◆ Task goal
Please write out every line of the listing without alteration, but omit the images.
::: Given information
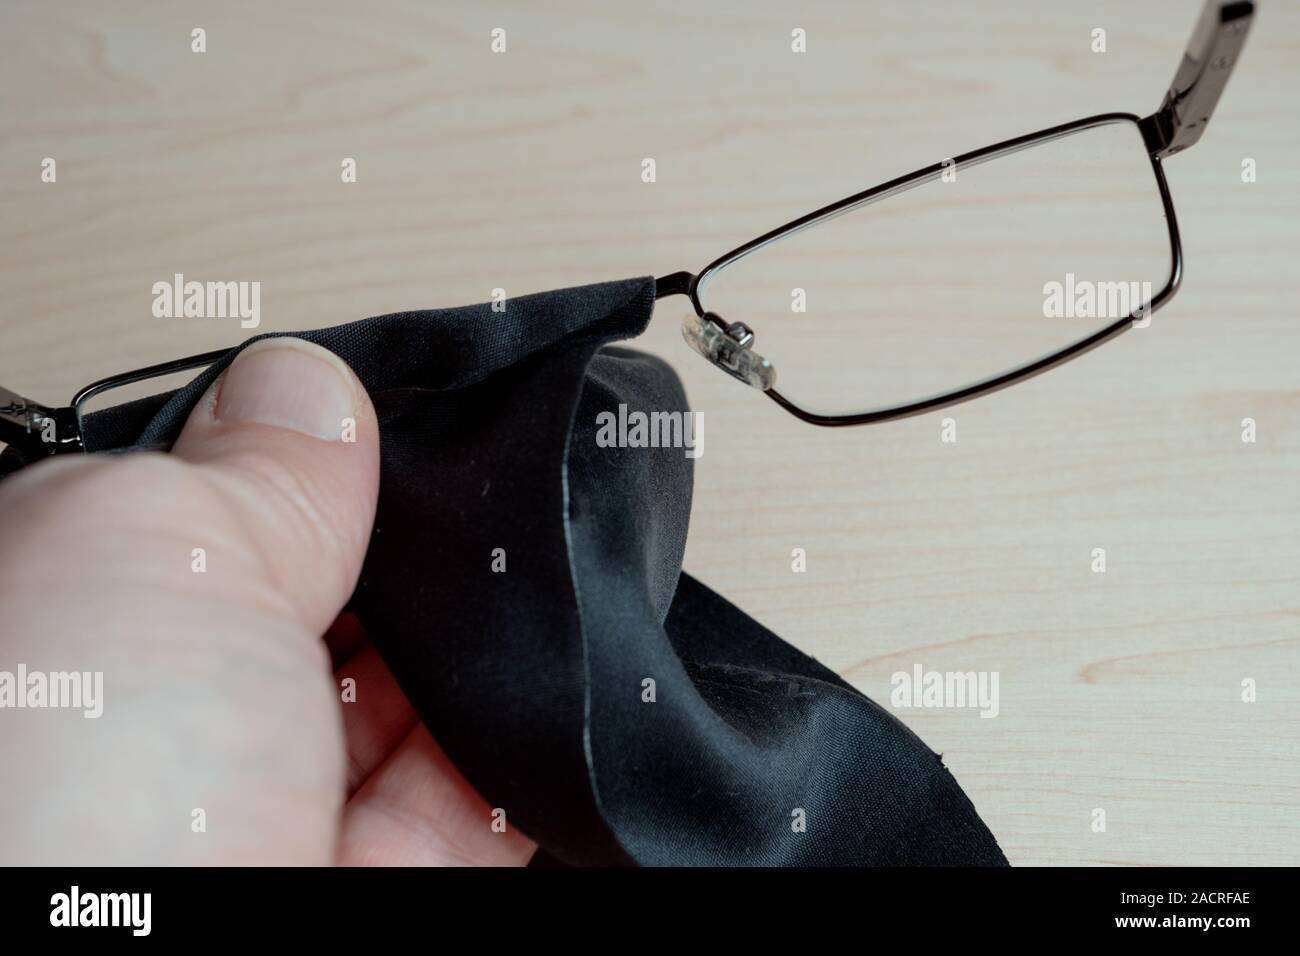 Le nettoyage des verres. Un homme essuie ses lunettes avec un chiffon.  Entreposage et les soins pour les lunettes. Selective focus Photo Stock -  Alamy
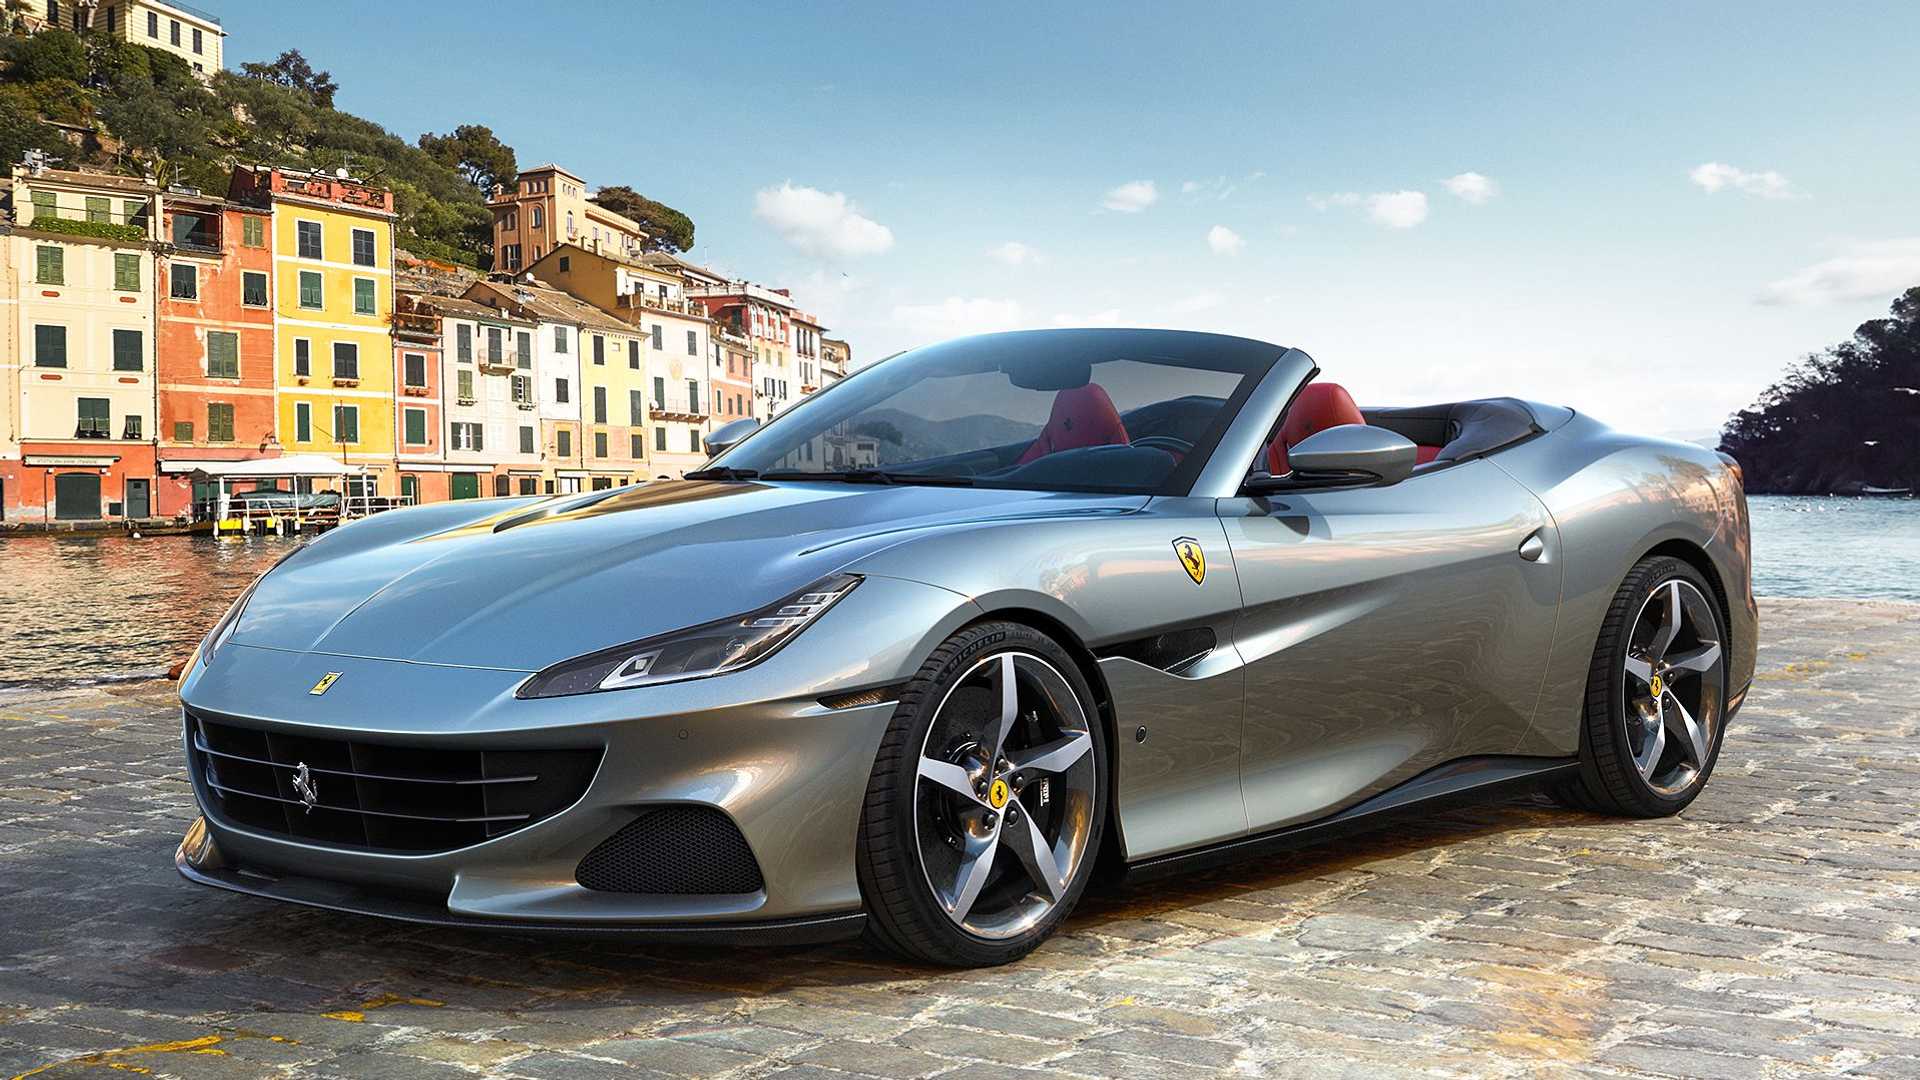 Mẫu xe Ferrari Portofino thời thượng được nhiều quý cô sành điệu săn đón
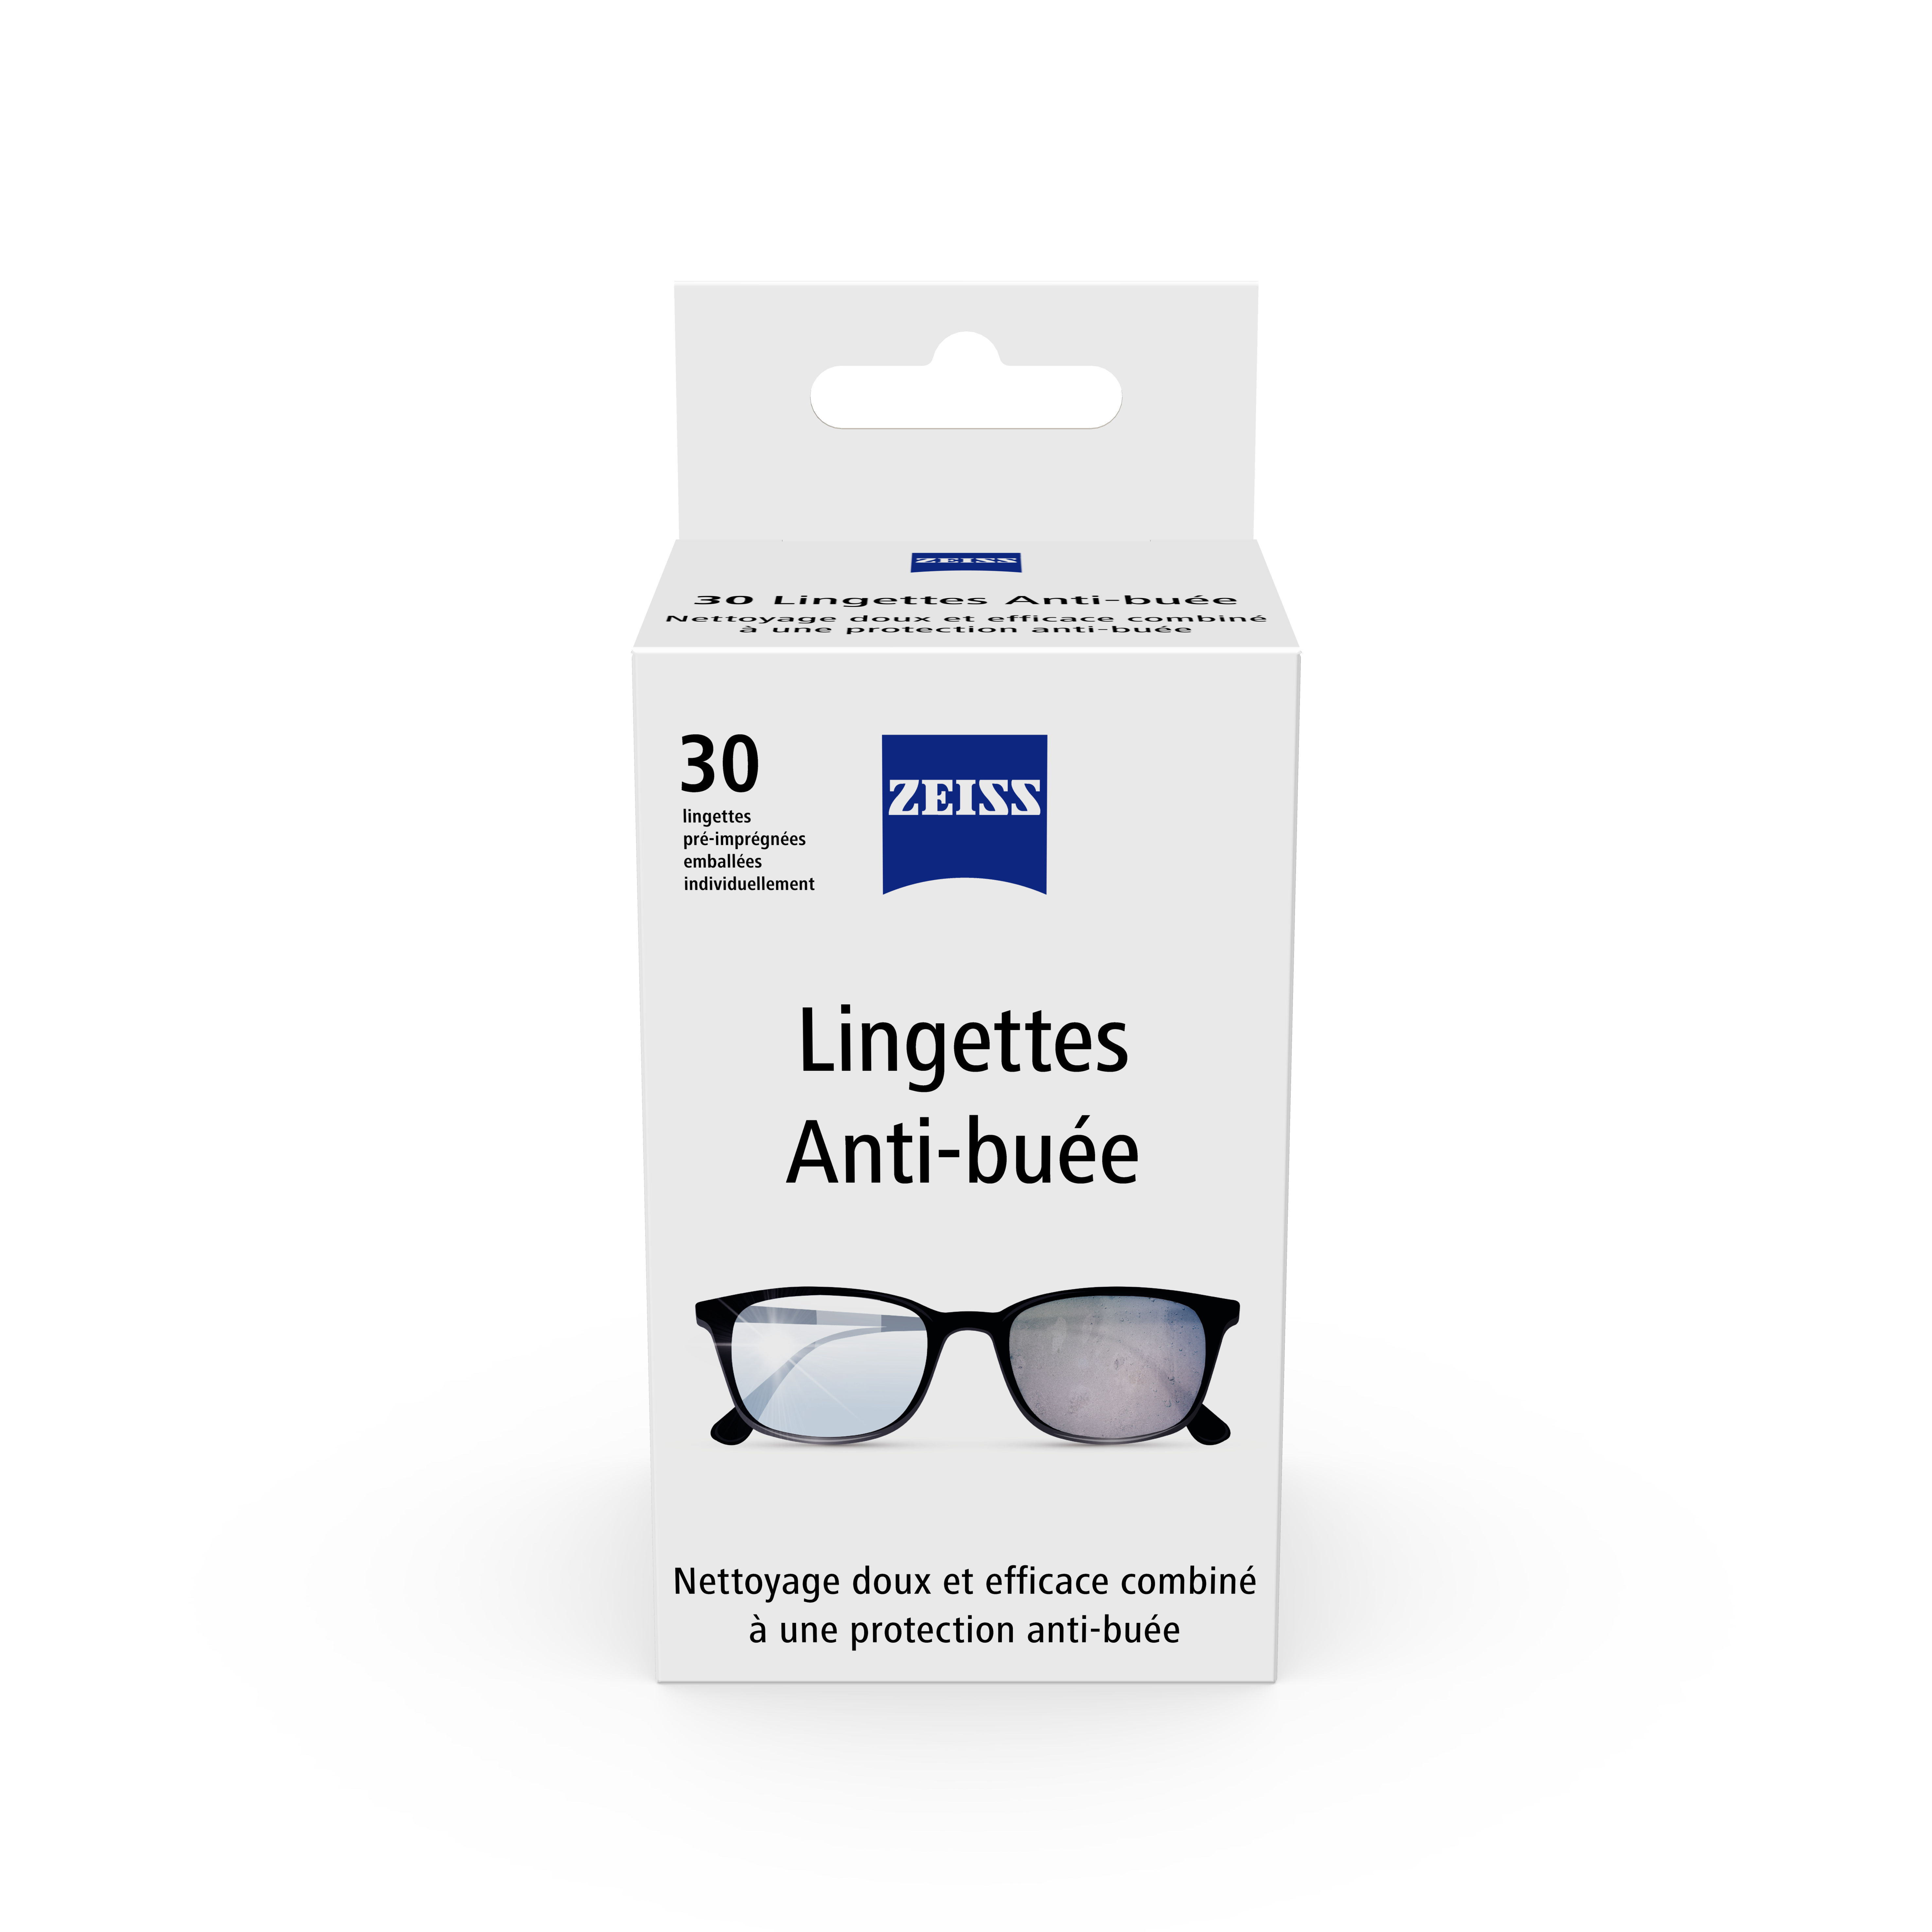 Lingette anti buee lunette, efficace nettoyant lunettes -50
::::::
◆ Output for this task
 Le nettoyage des verres. Un homme essuie ses lunettes avec un chiffon.  Entreposage et les soins pour les lunettes. Selective focus Photo Stock -  Alamy
 Mẫu xe Ferrari Portofino thời thượng được nhiều quý cô sành điệu săn đón
 Lingette anti buee lunette, efficace nettoyant lunettes -50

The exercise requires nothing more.